I just kind of cloistered myself in my own fictional worlds.
So now I'm getting these other writers in my face, unavoidable if I want to read a newspaper from a New York full of creative types. It's enough to make me insecure about my abilities and talents. I tell myself it doesn't matter--just like I tell myself it doesn't matter how many books I sell, or how many good reviews I get, or whether I'm published in the mainstream and carried in the bookstores.
It doesn't matter--but of course it does.
It doesn't matter. I'm just going to keep doing my own thing. Just try to be steady. I write every day, even when I don't want to. I appear to have a strong willpower when it comes to writing. I force myself on my four mile walk on days I don't want to, I force myself to sit down and write at least 1000 words, and little by little, the book gets written.
I'd love to wait around for the wellspring to overspill, to feel inspiration come upon me, to do nothing that isn't purely creative utopia.
But if I did that, I'd produce about three partial stories a year, just like I did for 25 years. Snippets of 10 or 25 or 50 pages at a time, promising starts that go nowhere.
Thing is, once I start writing, the creativity happens anyway--through doing.
The water from the wellspring is the same water, whether it's overfill, or lapping at the edges and can be drunk from a cup, of whether I have to lower a bucket and pull it up.

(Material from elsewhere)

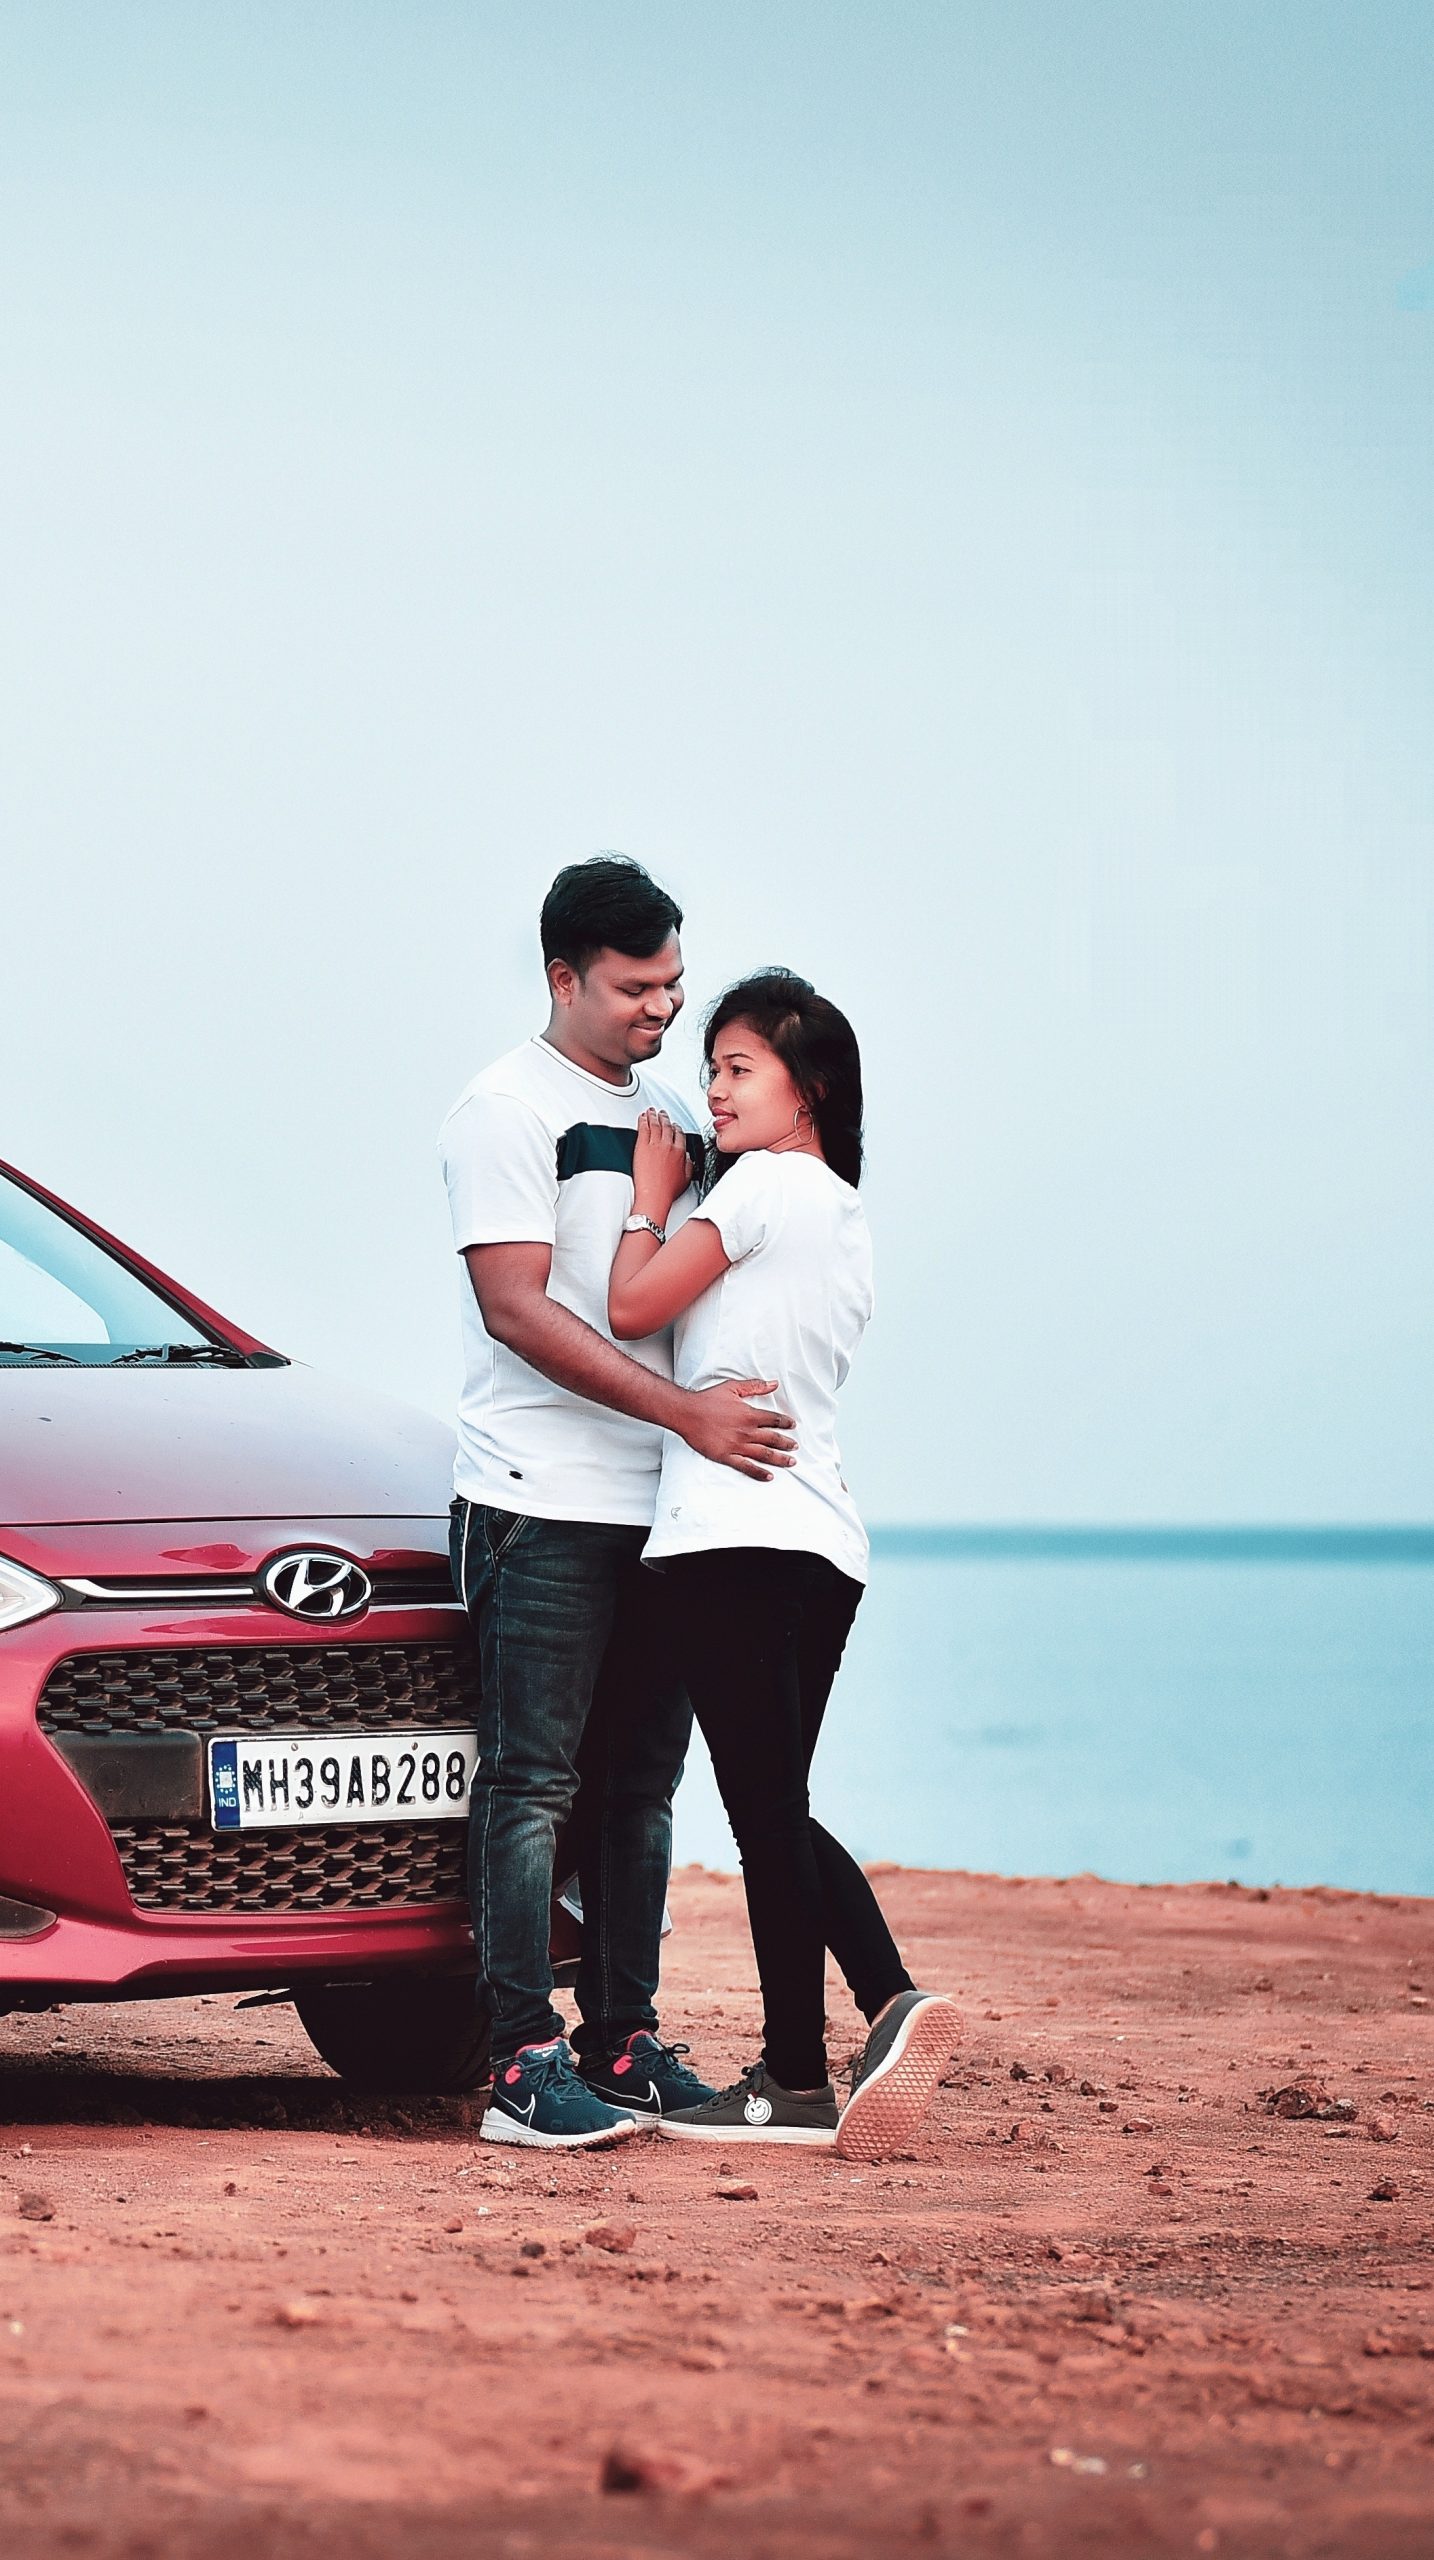 Casual couple posing near a car. Stock-Foto | Adobe Stock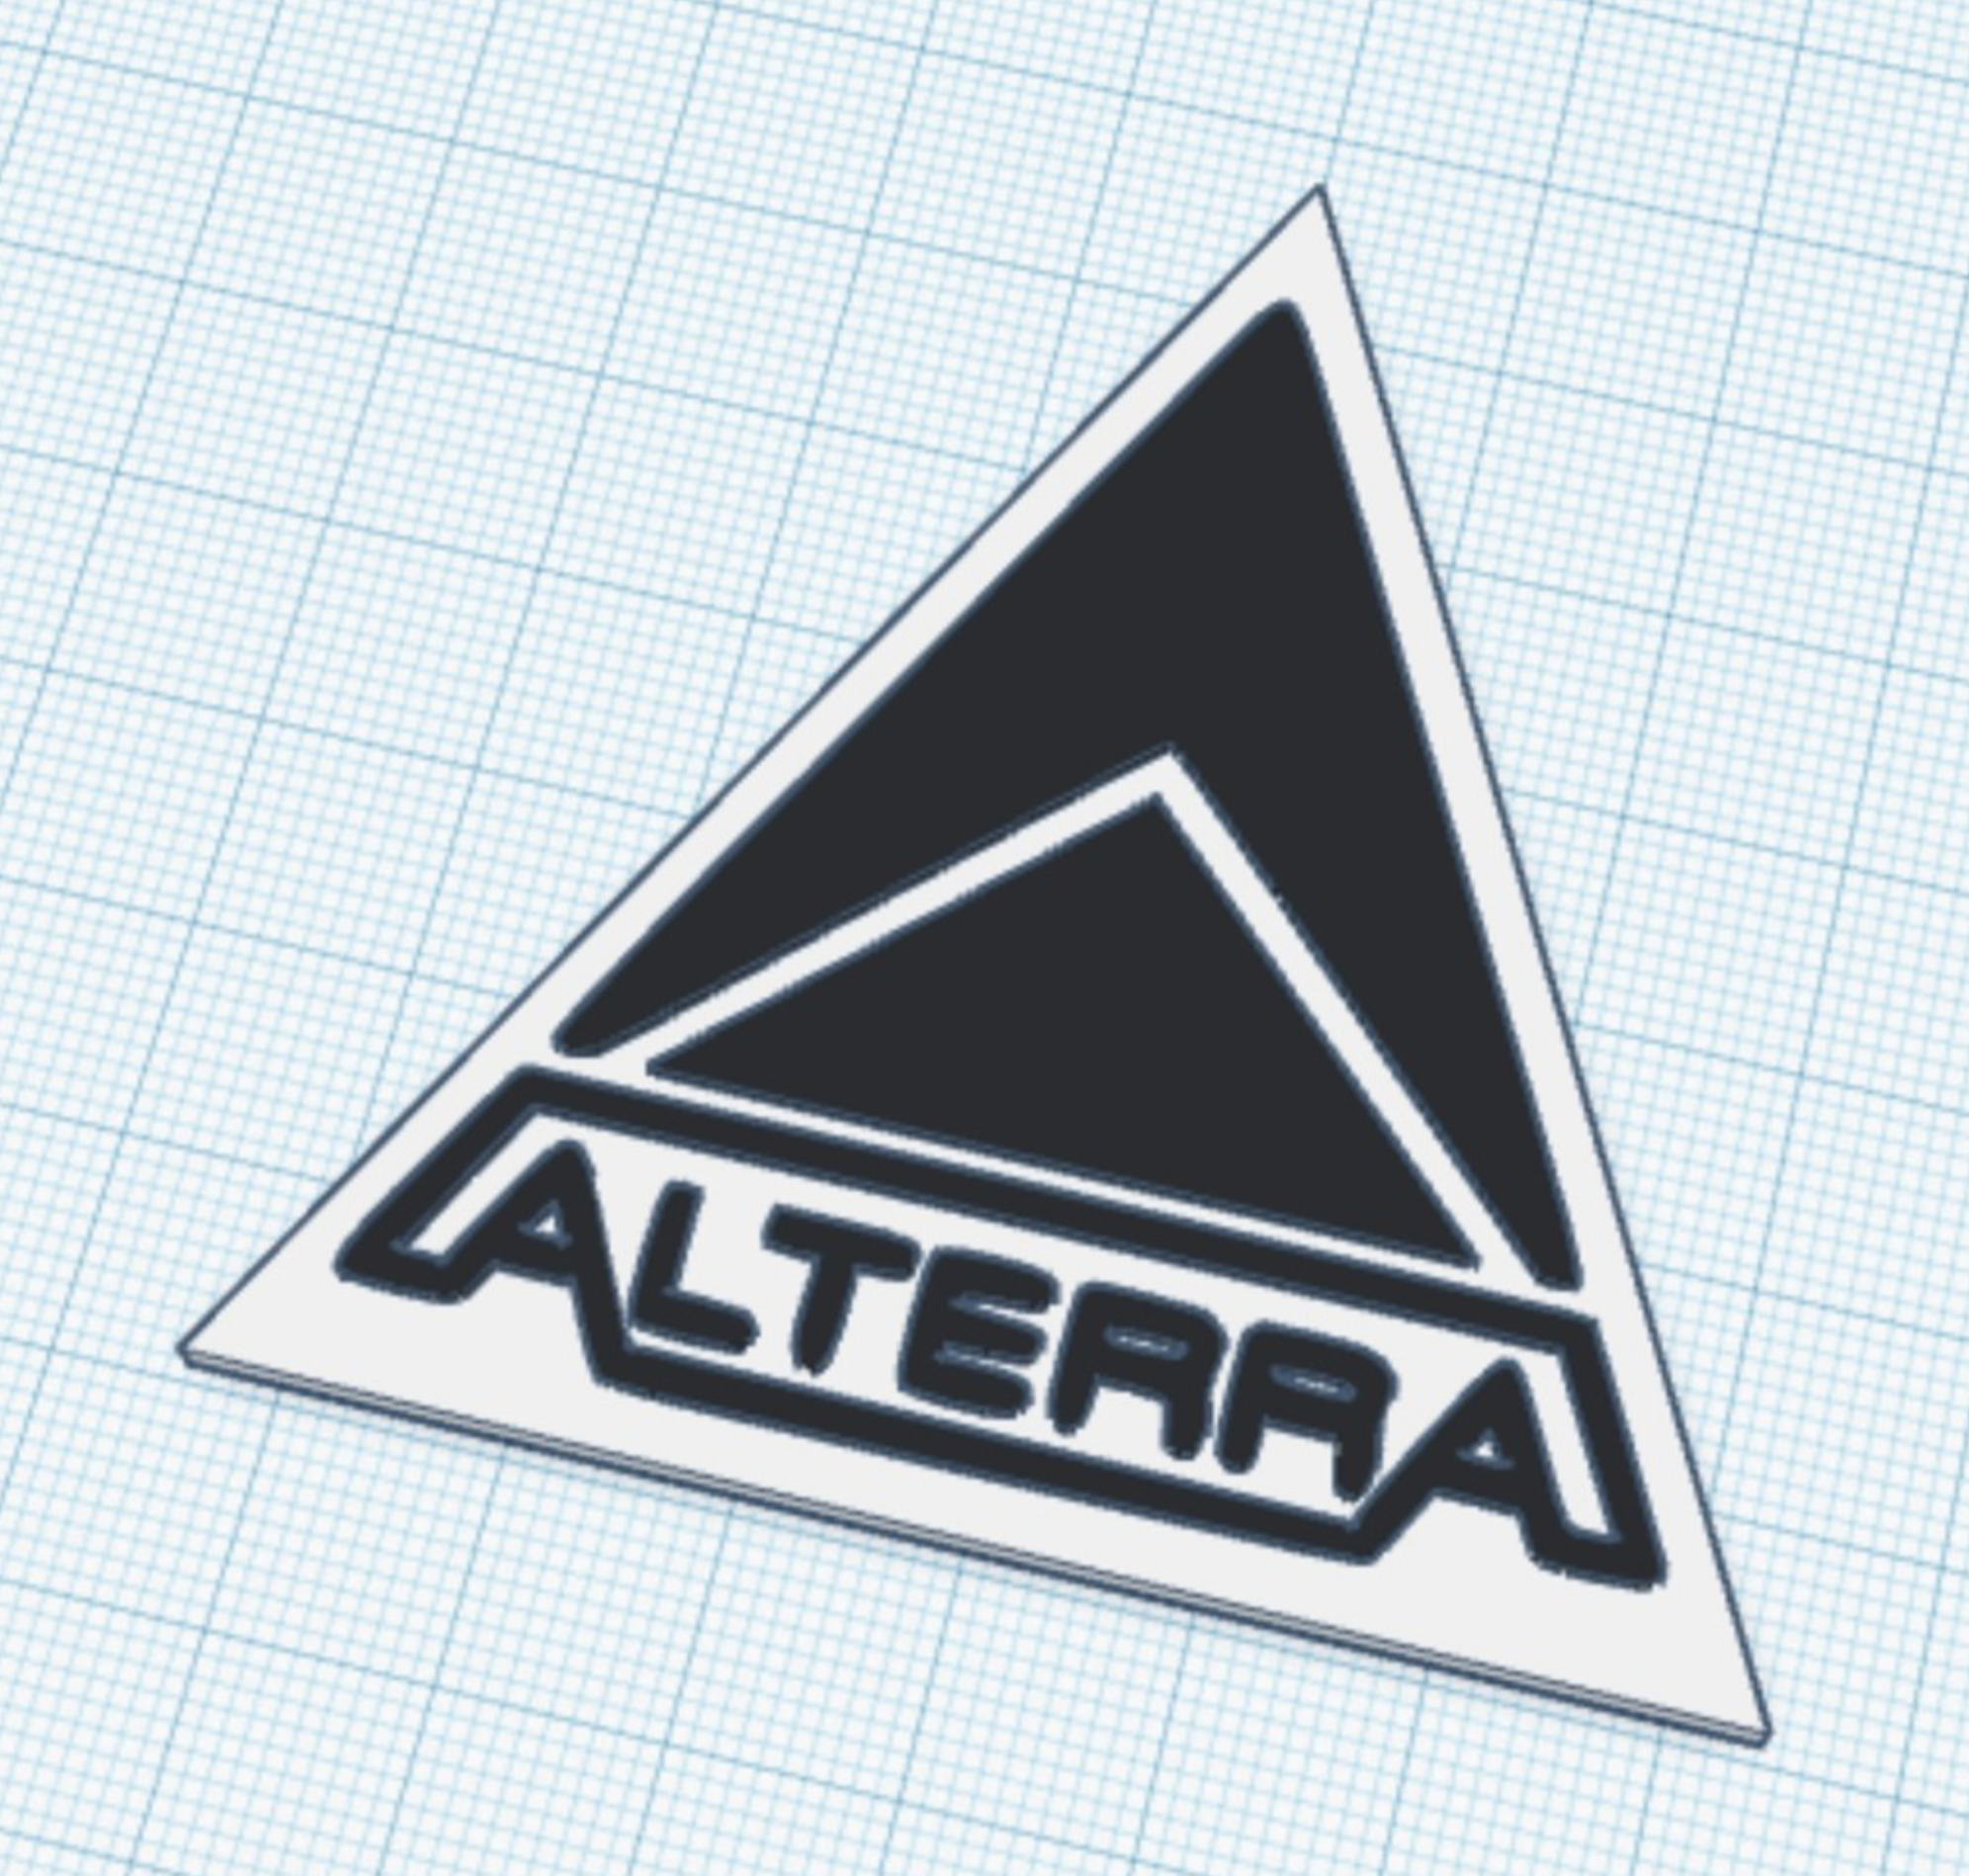 Subnautica - Alterra logo

I don't really have that many illusions about my talent--I think my estimation has been pretty much borne out by events. I thought there were certain potentials, and those potentials seem to be happening.
Slowly, oh so slowly.
Too bad I couldn't have seen this 25 years ago, but back then I was on a different trajectory. Mostly because I had horrible habits and debilitating doubts. I needed to make a living, and the bookstore was so damn interesting, and Linda and the boys were so important, that I didn't really ever regret it.
I made the right choice.
In fact, I can be a full-time writer now without any pressure because I've already had a career. I have the same creative energy I had when I was 28, but without the time and money constraints.
My habits, my process, are so much better and getting refined all the time.
My attitude is almost the opposite from when I quit--instead of questioning the viability of every idea, my approach is the write anything that comes to me, to never say no, the try to fit it ALL IN.
I've already seen more progress than I expected. My original goal was to finish just one more book, and then to see if I couldn't get it published. I mostly expected to self-publish (though I admit I thought that would have more significant results).
So all the activity that's happened has been somewhat unexpected.
I think that I could get a regular gig going in the mainstream (my own estimation) but it would probably take another 5 years of trying. That would be interesting, but I'm more and more inclined to wonder if that is really what I want to do.
The thing I learned in my business is to do my own thing, as much as possible. To not bend to desires for money or notoriety. To do the modest, satisfying thing.
I probably should apply that to my writing.